Хранительница Эльда разбирала пахучую горку трав. Ещё светло - закатное солнце заплутало среди кряжистых дубов в Роще предков, но нужно поторопиться. Вот-вот подкрадутся сумерки, и она не сможет отличить одну травку от другой. Стара Эльда, и зрение уже не то, что раньше. Глаза видят мир другим: не бурую дубовую кору, а лица. Не стволы, а фигуры человеческие: вот одна - пахарь усталый на соху опёрся. Или другая - девица потянулась яблочко сорвать. А эта - мать бережно к сердцу ребёнка прижала. В первый раз, как затуманилось и дрогнуло всё перед глазами, испугалась было. Подумала: уж не болезнь ли какая. Потом поняла - дар от Хозяйки за вековую службу. Справедливо, ибо отдала она годы жизни, ясный взгляд, здоровое тело Благословленному краю. Близок долгожданный покой. Скоро вплетутся её руки-ветви в плотный листвяной полог над сухим и ласковым песком.

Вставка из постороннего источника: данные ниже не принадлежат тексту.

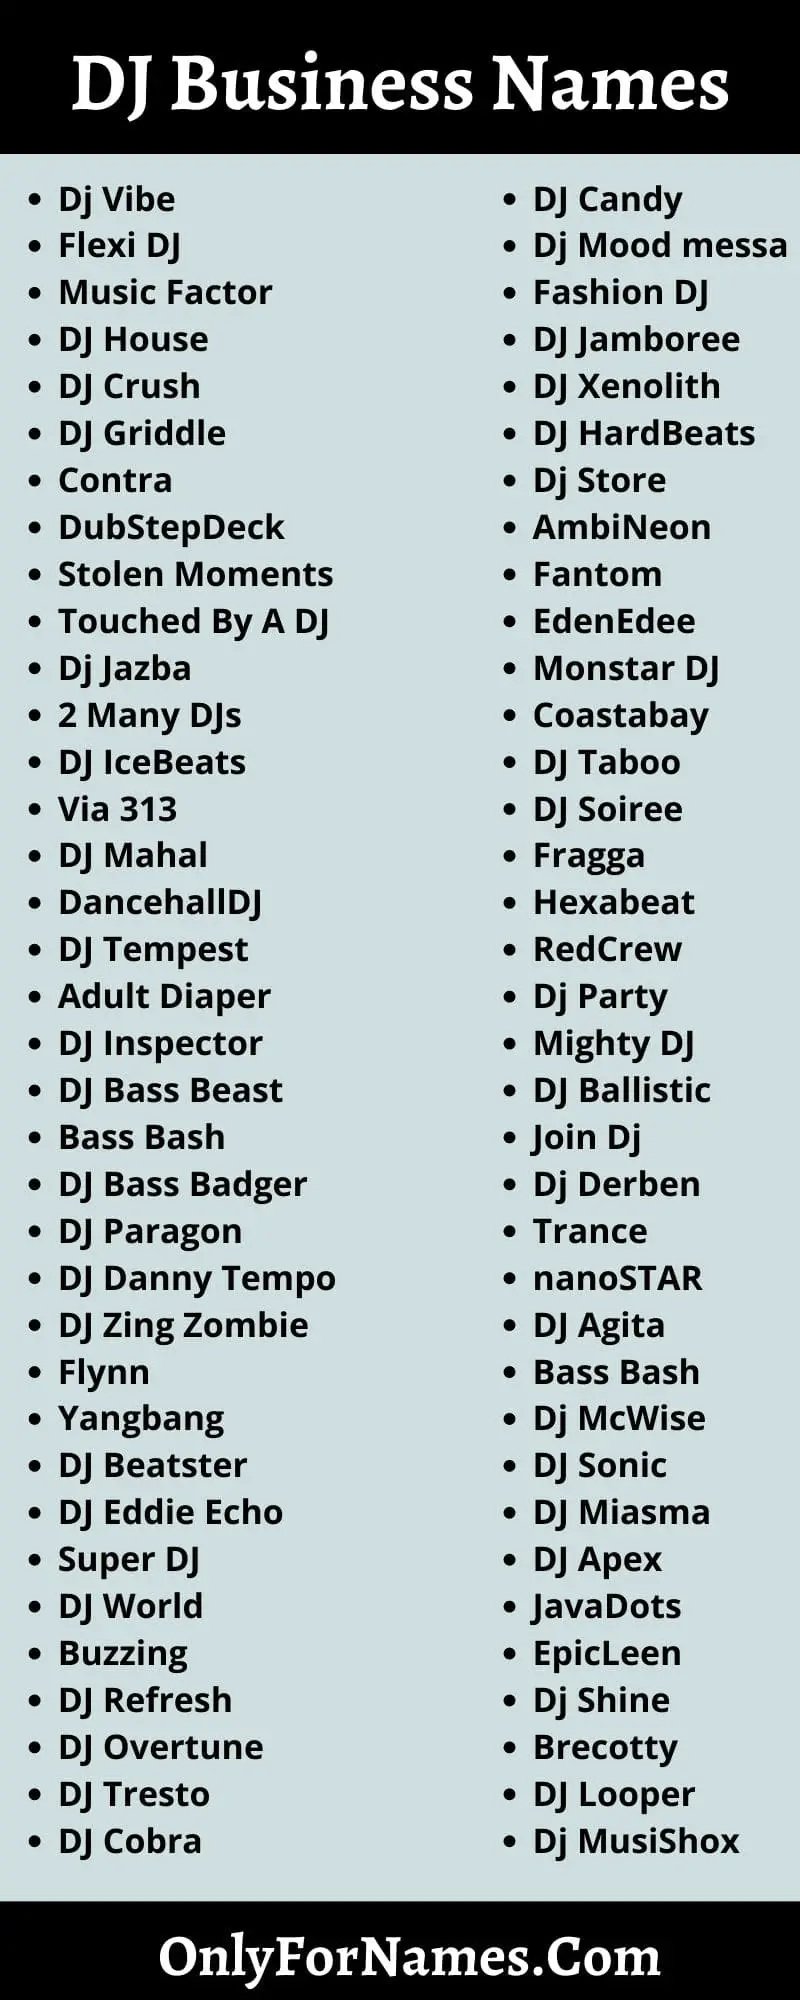 DJ Business Names

Вот стебли горлянки. Нужная трава, особенно при простудах и обморожении. Нутряной жар или жидкость скверную из тела прогнать. И эта же трава может людей разлучить, навсегда отвернуть сердце от милых прежде мест. Не за ней в лес шла - за ягодой для сладких пирогов. Девкой стала её дочка, черноволосая хохотушка Ирма. Праздник будет. Но остановилась перед высокими сине-зелёными стеблями, увенчанными жёлтыми метёлками, да и сорвала. Будто кто-то в бок толкнул: запасай, не дожидайся нужды. Женщина перехватила шнурком пучок горлянки и всмотрелась, выискивая среди деревьев особенное. То, в котором признала Хранительницу Зельду, ушедшую к Предкам в те времена, когда она, сиротка Эльда, ещё девичьего наряда не примеряла. Под наплывами коры увидела ту, которая перед смертью вручила заботу о Крае. Так и приходит Хранительница к Зельдиному дубу, совета и благословления просит. Заметила: если под крону собранную траву положить, то в миг перед сумерками негожая завянет, а лечебная особой силой напитается.

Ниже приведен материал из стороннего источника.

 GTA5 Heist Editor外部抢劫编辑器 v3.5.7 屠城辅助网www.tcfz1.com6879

Мягкие невысокие побеги прильнули к самому стволу, словно защиты от жаркого солнца искали. На них и опустила Эльда сноп горлянки и, задумавшись, корзинку с ягодой поставила. Отошла на пять шагов и ждать стала. Недовольно шевельнулись ветви, ветерок в листьях воркотню поднял. Эльда замерла: почудился ей суровый голос умершей Хранительницы. Как девчонка, покаянно голову склонила, руки под передник спрятала.
Тоскливо птица прокричала.
Скрутились вечерние тени, уползли в молодую поросль - испугались чего-то.
Мрак пал на Рощу, да такой густой, что показалось: плотный чёрный плат над миром растянули.
И вдруг будто кто-то этот платок за углы схватил и тряханул.
Содрогнулись и застонали дубы.
Земля вспучилась и треснула.
Из разломов багрянцем полыхнуло.
Где-то далеко-далеко на тысячи голосов прокричала беда.
Боль эхом в сердце отдалась.
Следом тишина пришла, и была она такой страшной, что Эльда без чувств упала.
А как глаза открыла, увидела, что мудрая вечная Роща в который раз встречает лиловый вечер, купая в нём разморённую за день листву.
- Эх, нажалила мошка лесная, кровь в жилах забродила. Теперь отворять нужно, а то видения-мороки замучают, - решила женщина и потянулась за травой и корзинкой.
Глядь, в плетёнке - чёрные угольки. А вялая горлянка изумрудными соками налилась, тугие стебли выпрямила.
Эльда ворот рубахи рванула, воздух ртом хватать стала. Зловещее знамение это. Не будет сладкого пирога для дочкиного праздника.
Ну что ж, коли так. Не поспоришь с Предками. Но в обиду дитя своё она не даст. Если до страшного дело дойдёт, с самой Хозяйкой поспорит, потягается. Нужна старая Эльда Краю - пускай все за неё встанут.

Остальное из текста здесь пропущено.